For a while now, I’ve been a big fan of a pattern in C# which mimics Java enums to a certain extent. In general, it’s a lovely pattern. Only after reading a comment on a recent blog post by Eric Lippert did I find out about a horrible flaw. Dubious thanks to John Payson for prompting this post. (And I fully intend to include this in the Abusing C# talk that I give every so often…)
Trigger warning: this post contains code you may wish you’d never seen.
Let’s start off with the happy path – a moment of calm before the storm.
When things go well…
The idea is to create a class – which can be abstract – with a certain fixed set of instances, which are available via static properties on the class itself. The class is not sealed, but it prevents other classes from subclassing it by using a private constructor. Here’s an example, including how it can be used:
using System; public abstract class Operation { public static Operation Add { get; } = new AddOperation(); public static Operation Subtract { get; } = new SubtractOperation(); // Prevent non-nested subclasses. They can't call this constructor, // which is the only way of creating an instance. private Operation() {} public abstract int Apply(int lhs, int rhs); private class AddOperation : Operation { public override int Apply(int lhs, int rhs) { return lhs + rhs; } } private class SubtractOperation : Operation { public override int Apply(int lhs, int rhs) { return lhs - rhs; } } } public class Test { static void Main() { Operation add = Operation.Add; Console.WriteLine(add.Apply(5, 3)); // 8 } }
(Note the use of the new “automatically implemented read-only property” from C# 6. Yum!)
Obviously there are possible variations of this – there could be multiple instances of one subclass, or we could even create instances dynamically if that were useful. The main point is that no other code can create instances or even declare their own subclasses of Operation
. That private constructor stops everything, right? Um…
My eyes!

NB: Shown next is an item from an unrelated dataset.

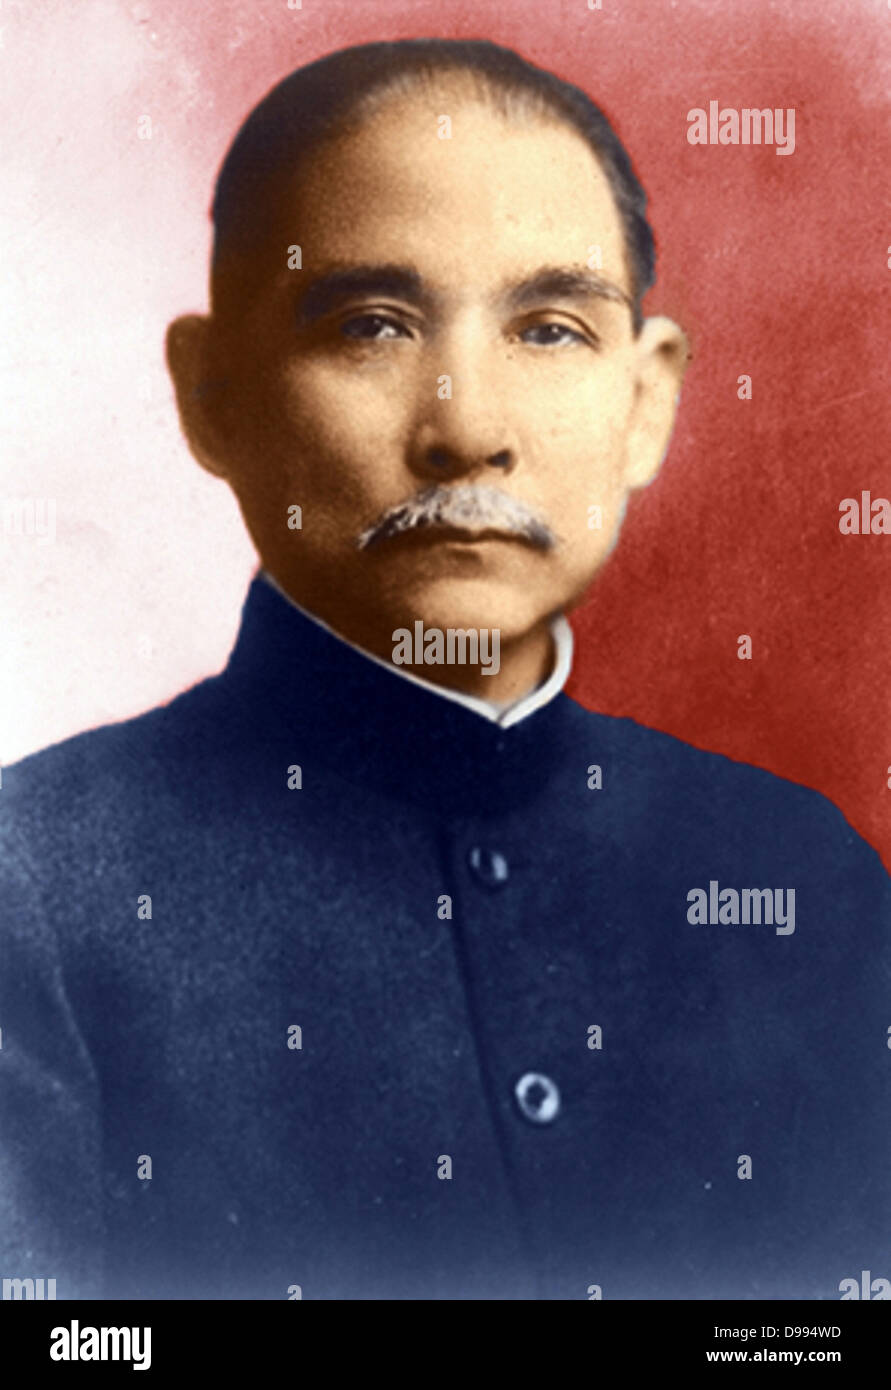 Sun Yat-sen (1866-1925) der chinesischen revolutionären und politischen Führer, der eine entscheidende Rolle bei den Sturz der Qing-Dynastie im Oktober 1911, den letzten kaiserlichen Dynastie Chinas gespielt. Nationalistische Stockfoto

The goggles do nothing!
I’m sure all my readers are aware that every C# constructor either has to chain to another constructor using : this(...)
or chain to a base class constructor, either implicitly calling a constructor without arguments or explicitly using : base(...)
.
What I wasn’t aware of – or rather, I think I’d been aware of once, but ignored – was that constructor initializers can have cycles. In other words, it’s absolutely fine to write code like this:
public class SneakyOperation : Operation { public SneakyOperation() : this(1) {} public SneakyOperation(int i) : this() {} public override int Apply(int lhs, int rhs) { return lhs * rhs; } }
Neither operator attempts to call a base class constructor, so it doesn’t matter that the only base class constructor is private. This code compiles with no issues – not even a warning.
So we’ve already failed in our intention to prevent subclassing from occurring… but this will fail with a StackOverflowException
which will take down the process, so there’s not much harm, right?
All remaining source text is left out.